Following Canberra's rejection of calls for Mr Mugabe to be banned from the conference, political observers in southern Africa see little prospect of Mr Mugabe staying away to escape growing condemnation for stoking political violence in his own country.

"Yes, absolutely, he will go," said Iden Wetherall, a senior journalist for the local Independent newspaper. "It (CHOGM) provides a platform for him to lecture the world and wag his finger," he said.

"He's going to use it as a propaganda platform. He's going to speak out on Aboriginal land rights... He will mobilise his friends in the Commonwealth - Malaysia, certainly, and some of the African states - and he will attack Britain and Australia."

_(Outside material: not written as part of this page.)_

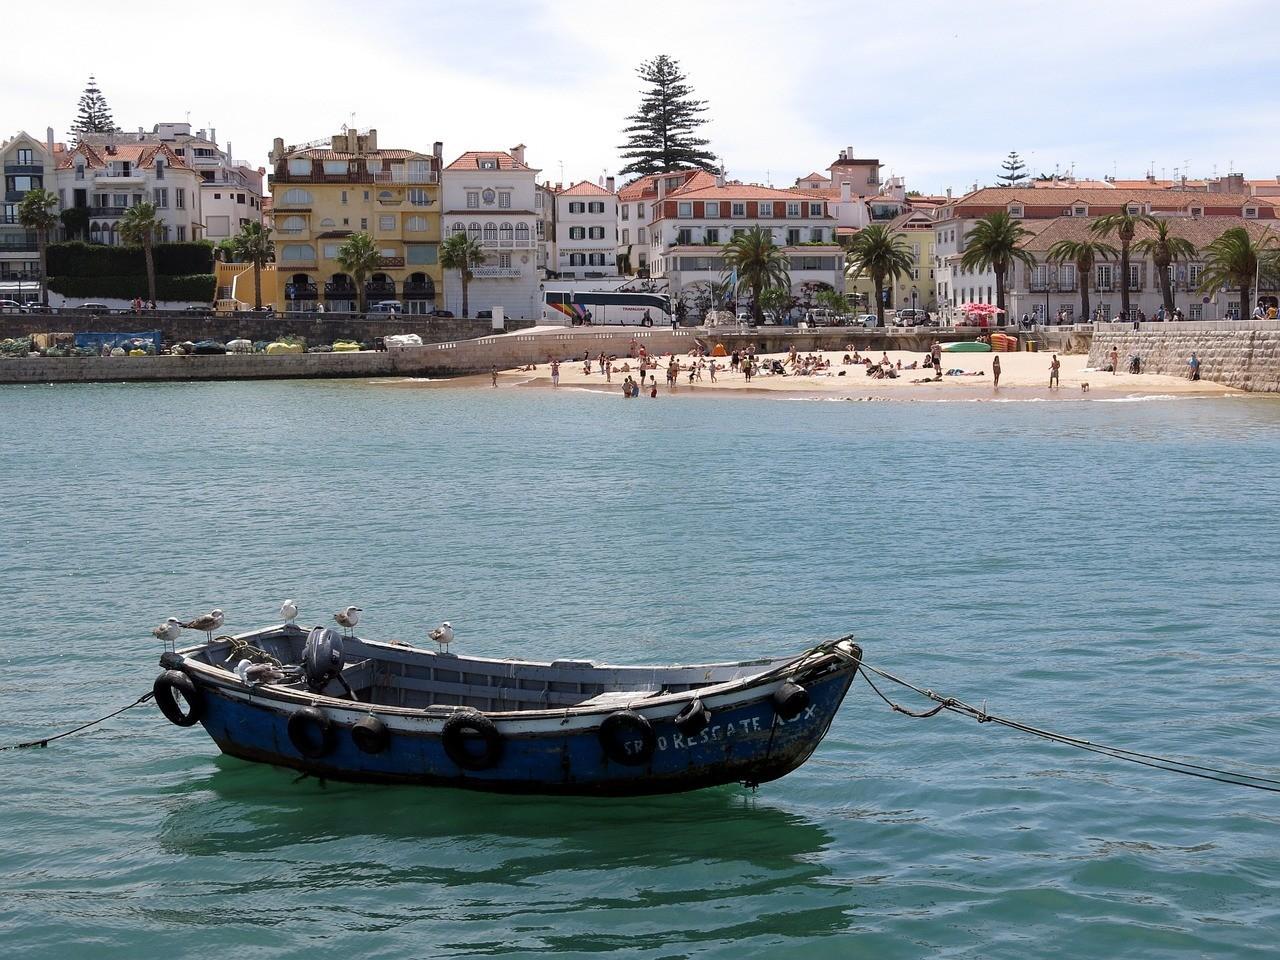 boat-1394554_1280.jpg

An Africa analyst with a South African think-tank agreed. "He has a very strong desire to thumb his nose at the world and he has a great deal of fondness for these Commonwealth things. The thought of Aboriginal land rights people asking for his advice on land reform will deeply appeal to him," he said.

"He relishes the role of pitting himself against the colonial power of whites."

John Makumbe, a political scientist at the University of Zimbabwe, laughed when asked if he thought that the likelihood of diplomatic controversy and public demonstrations would deter Mr Mugabe from travelling to Brisbane. "If people in Australia think that, they don't know the size of his ego," he said. "Turn up at Brisbane and be the centre of the process? He loves that. He will be the centre of international media attention."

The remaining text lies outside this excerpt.